I have a flask app running in a container on EC2. On starting the container, the docker stats gave memory usage close to 48MB. After making the first API call (reading a 2gb file from s3), the usage rises to 5.72GB. Even after completion of the api call, the usage does not go down.
On hitting the request, the usage goes up by around twice the file size and after a few requests, the server starts giving the memory error
Also, on running the same Flask app without the container, we do not see any such increment in memory utilized.
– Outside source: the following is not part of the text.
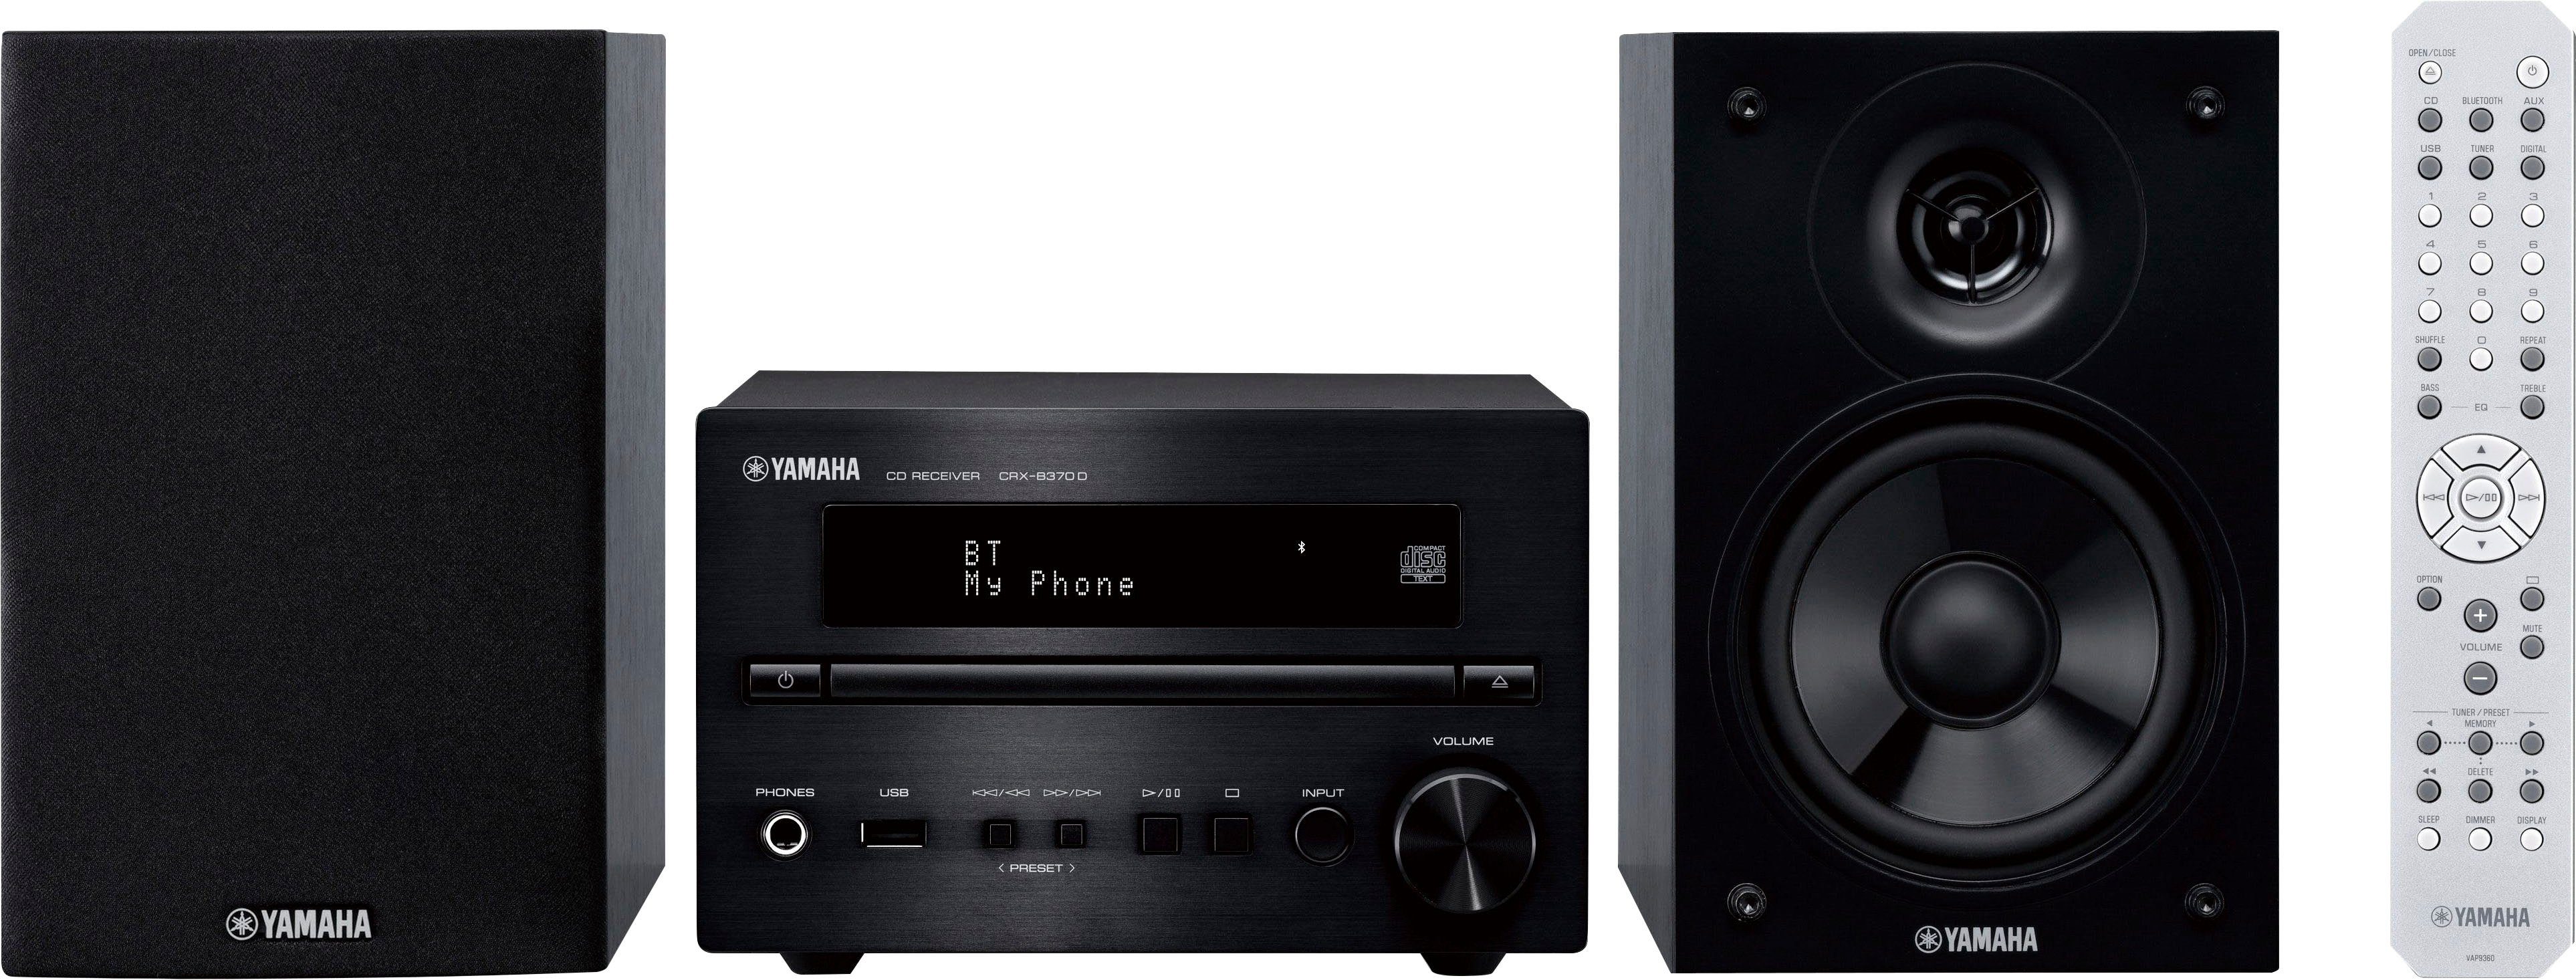 MCR-B270D schwarz Yamaha FM-Tuner, 40 Digitalradio W) (DAB) (DAB), (Digitalradio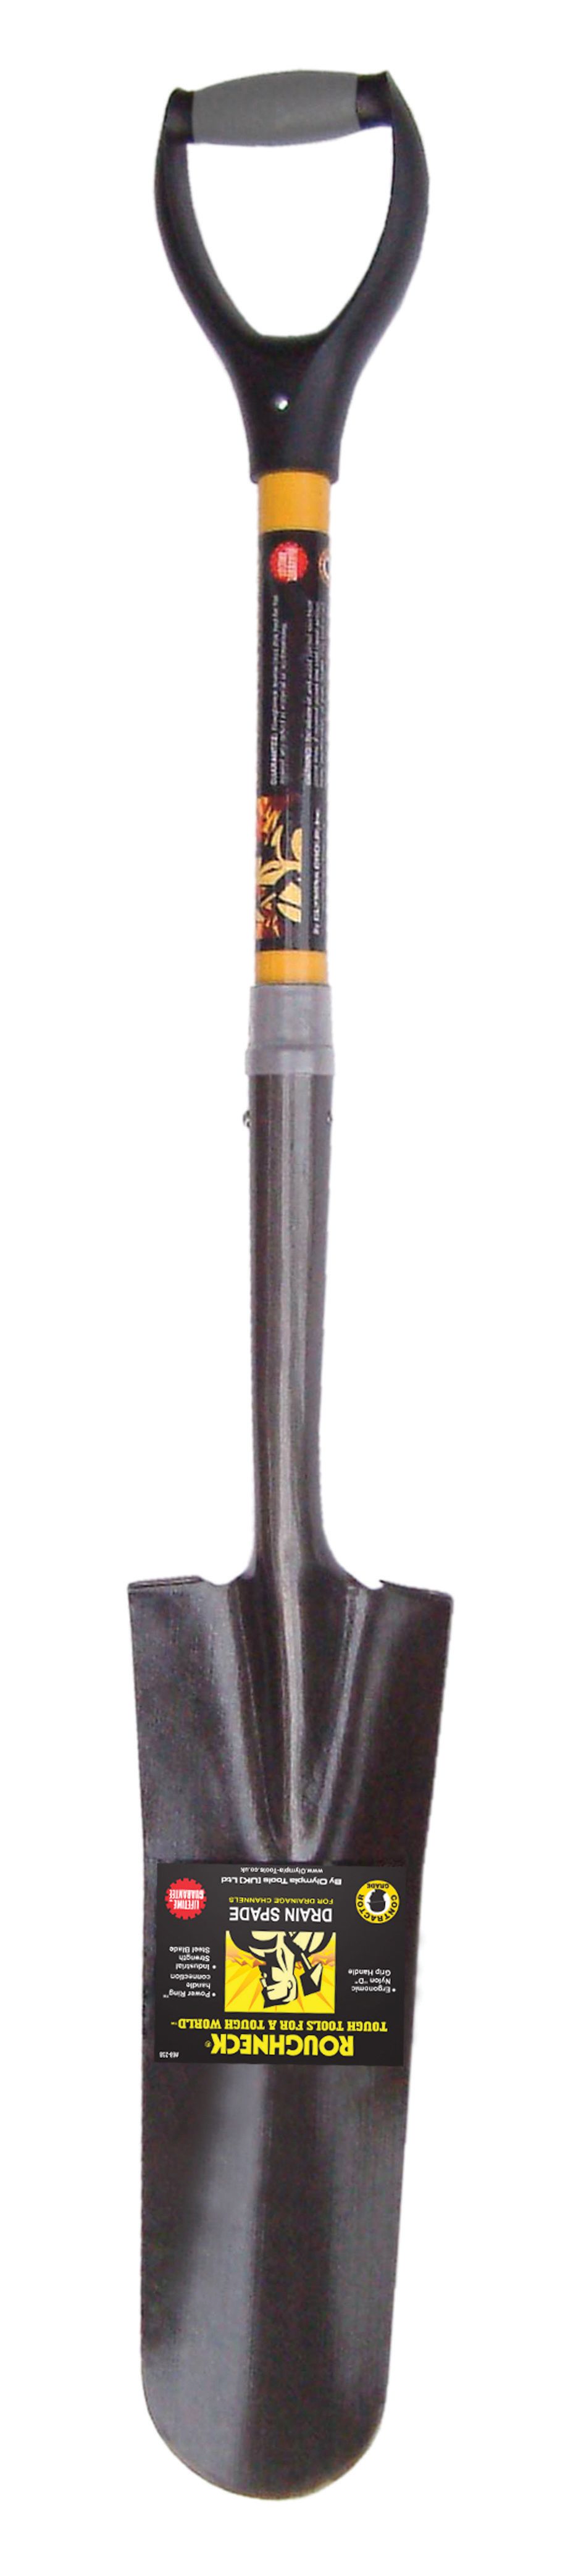 Image of Roughneck Fibreglass Handle Drainage Shovel

Output of "docker stats <container_id>" before hitting the API-
Output of "docker stats <container_id>" after hitting the API
Flask app (app.py) contains-
import os
import json
import pandas as pd
import flask
app = flask.Flask(__name__)
@app.route('/uploadData', methods=['POST'])
def test():
json_input = flask.request.args.to_dict()
s3_path = json_input['s3_path']
# reading file directly from s3 - without downloading
df = pd.read_csv(s3_path)
print(df.head(5))
#clearing df
df = None
return json_input
@app.route('/healthcheck', methods=['GET'])
def HealthCheck():
return "Success"
if __name__ == '__main__':
app.run(host="0.0.0.0", port='8898')
Docker contains-
FROM python:3.7.10
RUN apt-get update -y && apt-get install -y python-dev
# We copy just the requirements.txt first to leverage Docker cache
COPY . /app_abhi
WORKDIR /app_abhi
EXPOSE 8898
RUN pip3 install flask boto3 pandas fsspec s3fs
CMD [ "python","-u", "app.py" ]
I tried reading the file directly from S3 as well as downloading the file and then reading it but it did not work.
Any leads in getting this memory utilization down to the initial consumption would be a great help!